Required work
Apart from the pictures, return every line of the listing exactly.

:: Data block

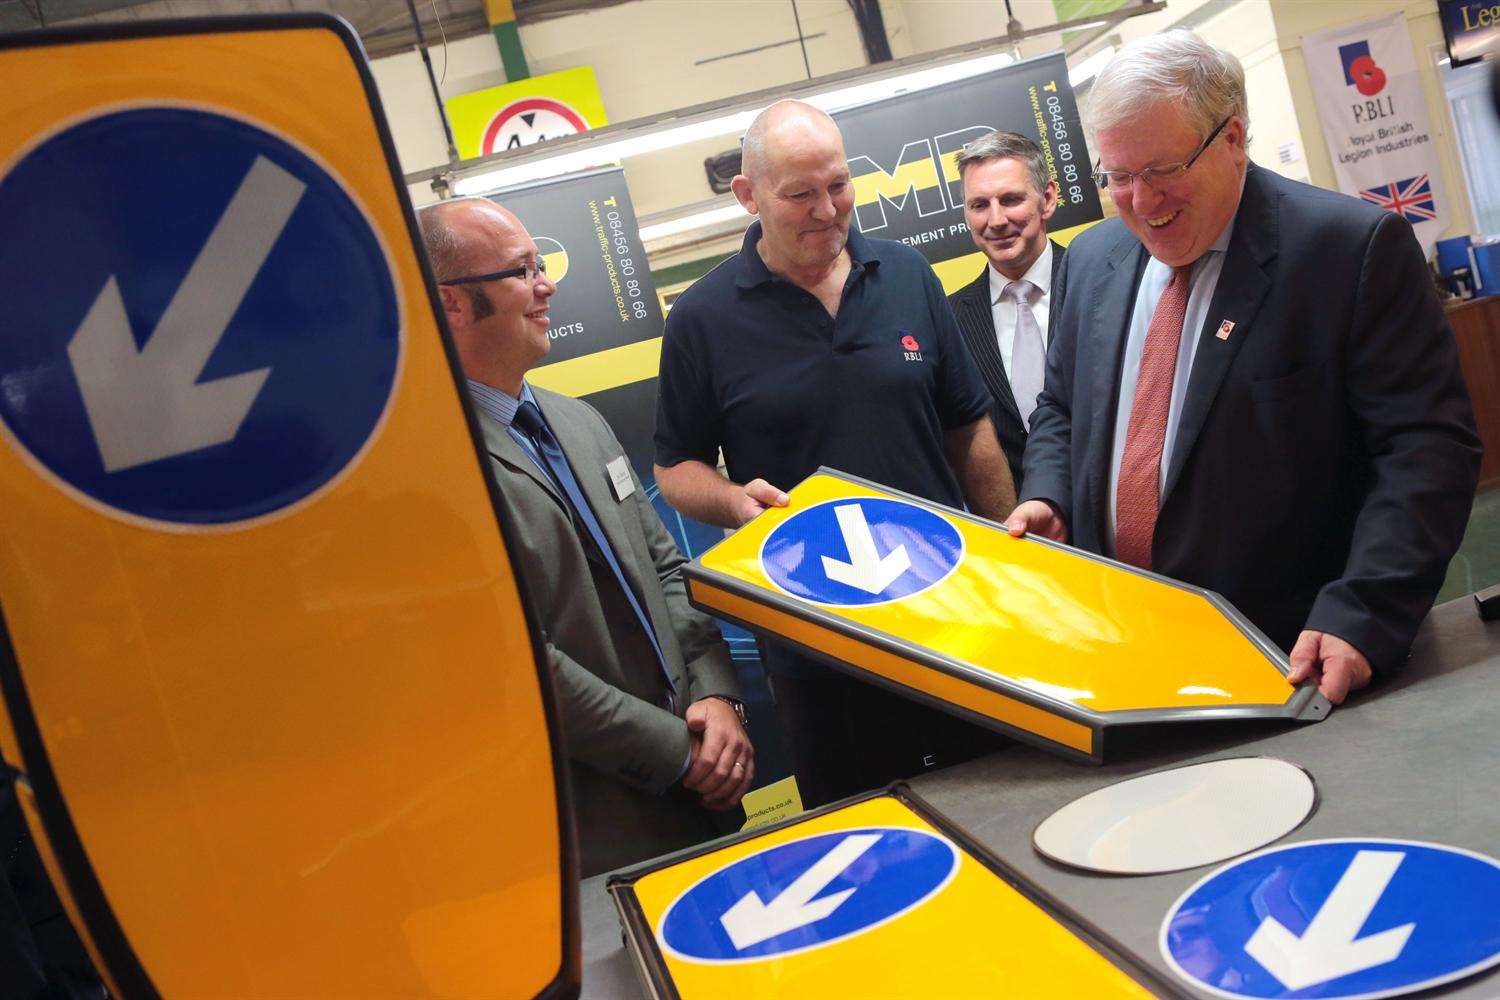 Transport Secretary Patrick McLoughlin visits Royal British Legion Industries to unveil new £350,000 modernisation of its road and rail signs factory
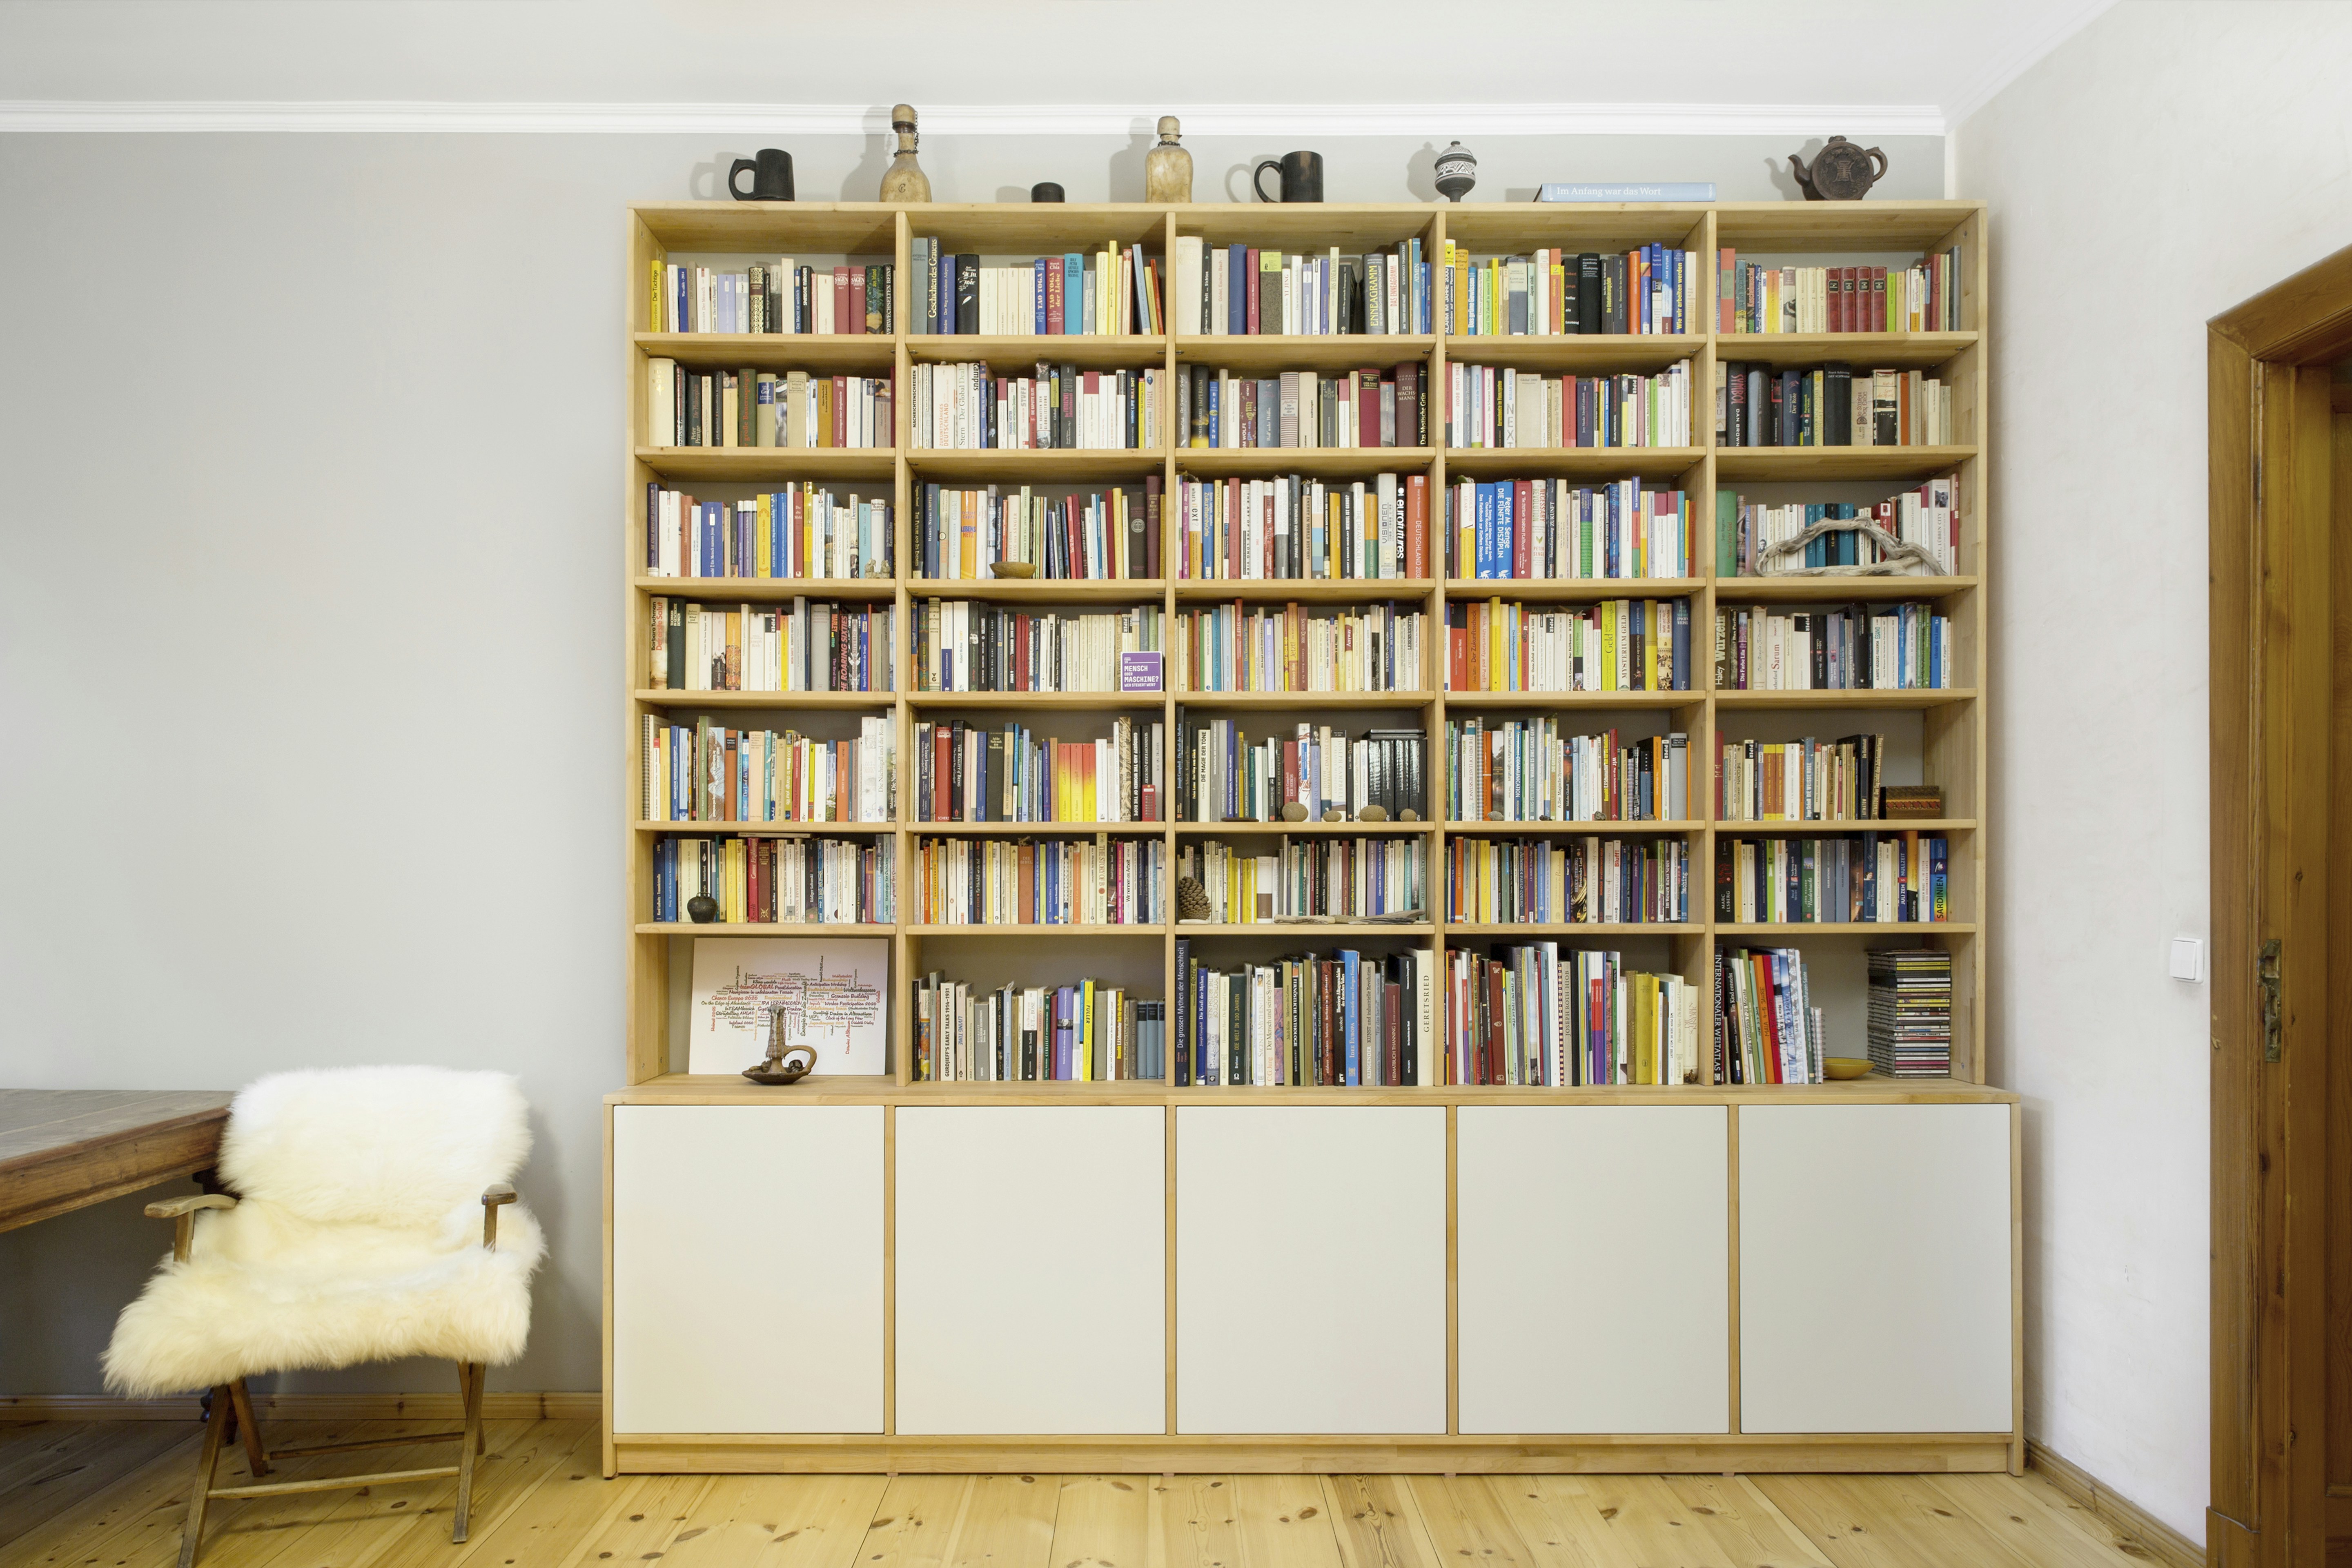 A bookshelf made of solid wood and mdf.
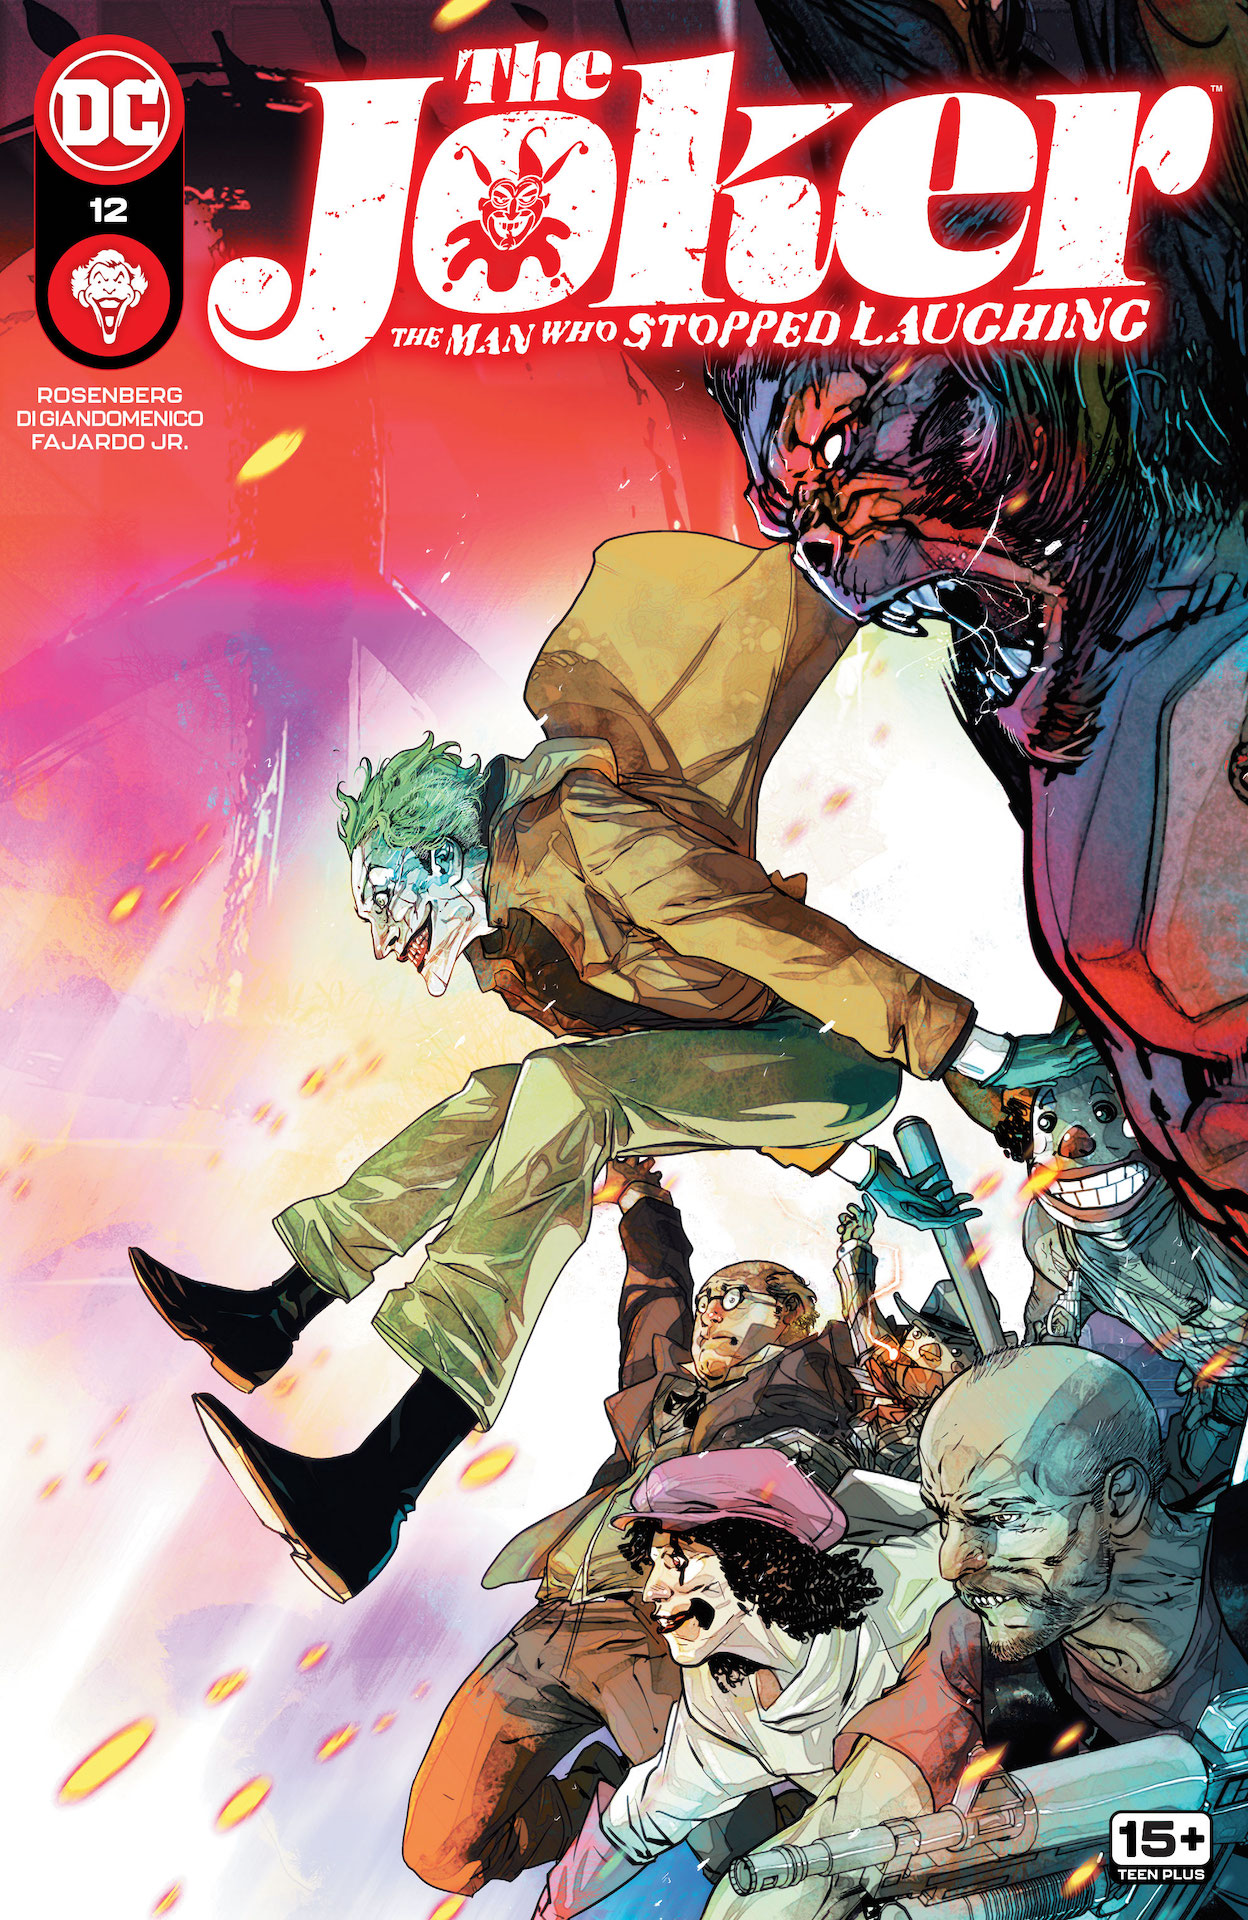 DC Preview: The Joker: The Man Who Stopped Laughing #12

::::

Response
 Transport Secretary Patrick McLoughlin visits Royal British Legion Industries to unveil new £350,000 modernisation of its road and rail signs factory
 A bookshelf made of solid wood and mdf.
 DC Preview: The Joker: The Man Who Stopped Laughing #12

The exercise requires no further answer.